The literature-based curriculum-sampling test was used in each cohort, and was designed to mimic the first-year course Introduction to Psychology. The applicants were instructed to study two chapters of the book used in that course. The second curriculum-sampling test, only administered in 2015, required applicants to watch a twenty-minute video lecture on the topic Psychology and the Brain. A lecturer who taught a related course in the first year provided the lecture. At the selection day, the applicants completed multiple-choice exams about the material. The exams were similar to the exams administered in the first year of the program and were designed by faculty members who taught in the first year. The first curriculum-sampling test consisted of 40 items in 2013 and 2014, and of 39 items in 2015. The second curriculum-sampling test consisted of 25 items. The exams consisted of different items each year. Cronbach’s alpha for each test is displayed in S1 Table.

Skills tests.

The English test was included in the procedure because most of the study material is in English, also in the Dutch-taught program, and the math test was included because statistics courses are a substantial part of the program. The English test consisted of 20 multiple choice items on the meaning of different English texts. The math test consisted of 30 multiple choice items in 2013 and 2014, and 27 multiple choice items in 2015, testing high-school level math knowledge. The applicants did not receive specific material to prepare for these tests, but example items were provided for the math test. The tests consisted of different items each year.

High school performance.

High school grades of enrolled students who completed the highest level of Dutch secondary education (pre-university education, in Dutch: vwo) were collected through the university administration. The grades were not part of the admission procedure. The mean high school grade (HSGPA) was the mean of the final grades in all high school courses, except courses that only resulted in a pass/fail grade. For most courses, 50% of the final course grade was based on a national final exam. The other 50% consisted of the grades obtained in the last three years of secondary education.

Academic achievement.

Outcomes on academic achievement were collected through the university administration.

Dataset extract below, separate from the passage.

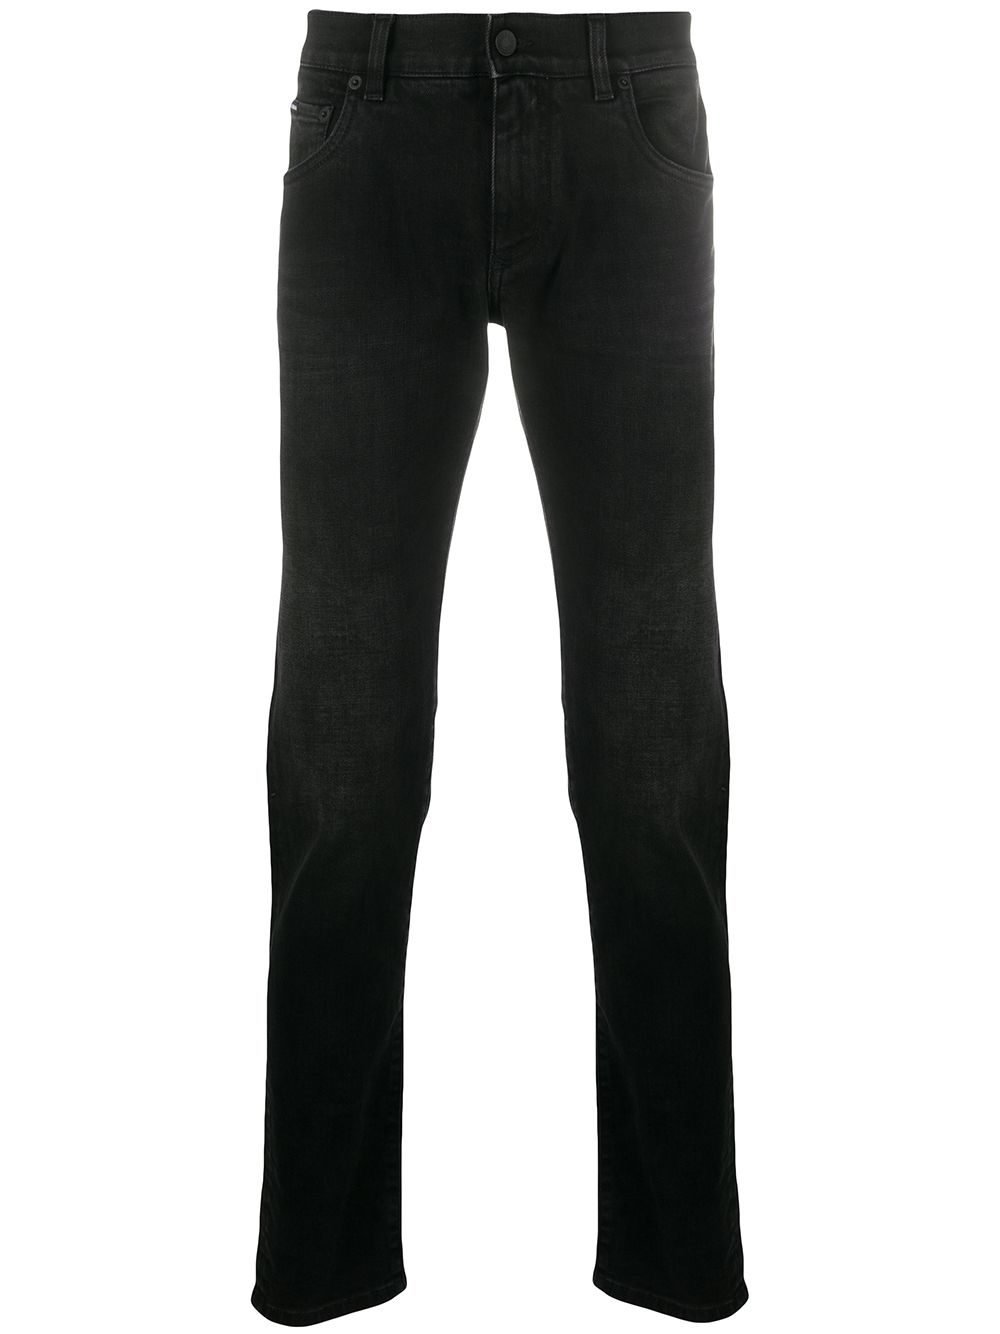 black slim-fit stretch denim jeans  DOLCE & GABBANA |  | GY07LD-G8CO2S9001
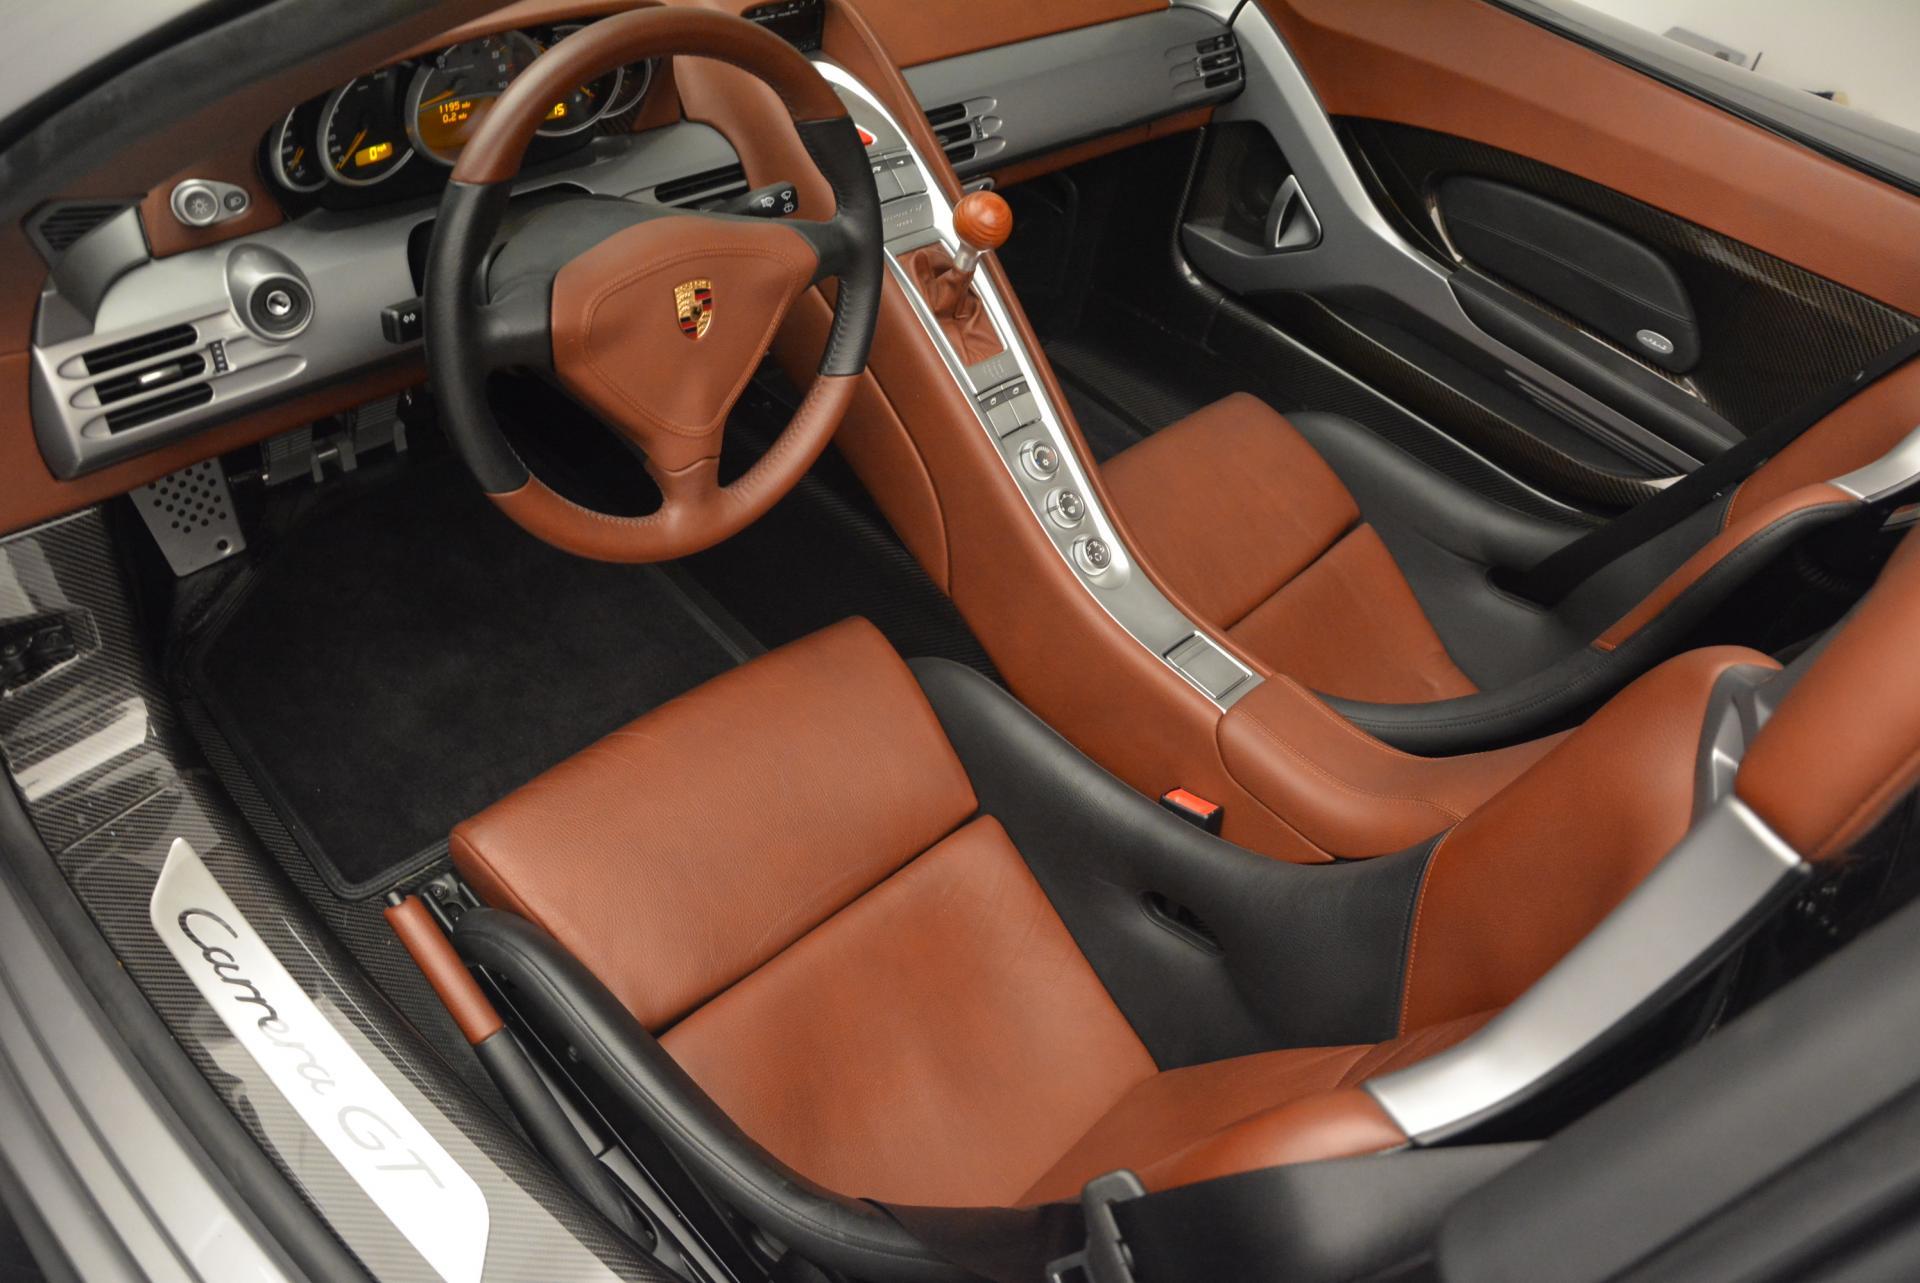 Used 2005 Porsche Carrera GT  For Sale In Greenwich, CT 108_p17

For all cohorts, the grade on the first course, the mean grade obtained in the first year (FYGPA, representing academic performance), the number of credits obtained in the first year (representing study progress), and records of dropout in the first year (representing retention) were obtained. For the 2013 cohort we also collected the mean grade obtained after three years (TYGPA, representing academic performance) and bachelor degree attainment after three years (representing study progress). The bachelor program can be completed in three years. All grades were on a scale of 1 to 10, with 10 being the highest grade and a six or higher representing a pass. Mean grades were computed for each student using the highest obtained grade for each course (including resits). Courses only resulting in a pass/fail decision were not taken into account. Credit was granted after a course was passed; most courses earned five credit points, with a maximum of 60 credits per year. The first and second year courses were mostly the same for all students; the third year consisted largely of elective courses. Since the skills tests were designed to predict performance in particular courses, we also computed a composite for statistics courses (SGPA) and theoretical courses (all courses that required studying literature and completing an exam about psychological theories; TGPA) in the first year. The SGPA is the mean of the final grades on all statistics courses and the TGPA is the mean final grades on courses about psychological theory. In addition, we also obtained information on whether students chose to enroll after participating in the admission procedure. Because we only used data available at the university, there were no manipulations in this study, and no identifiable information was presented, informed consent was not obtained. This was in line with the university’s privacy policy. This study was approved by and in accordance with the rules of the Ethical Committee Psychology from the University of Groningen [35].

Applicants.

The 2013 cohort (this is the same cohort used in Niessen et al.[4]) consisted of 851 applicants, of whom 652 (77%) enrolled in the program, and 638 participated in at least one course. For enrollees the mean age was 20 (SD = 2.0), 69% was female, 46% were Dutch, 42% were German, 9% had another European nationality, 3% had a non-European nationality, and 57% followed the program in English. A high school GPA obtained at the highest level of Dutch secondary education was available for 201 enrollees. Third year academic performance was available for 492 students, the others dropped out of the program in the first or second year. A high school GPA was available for 159 of these students.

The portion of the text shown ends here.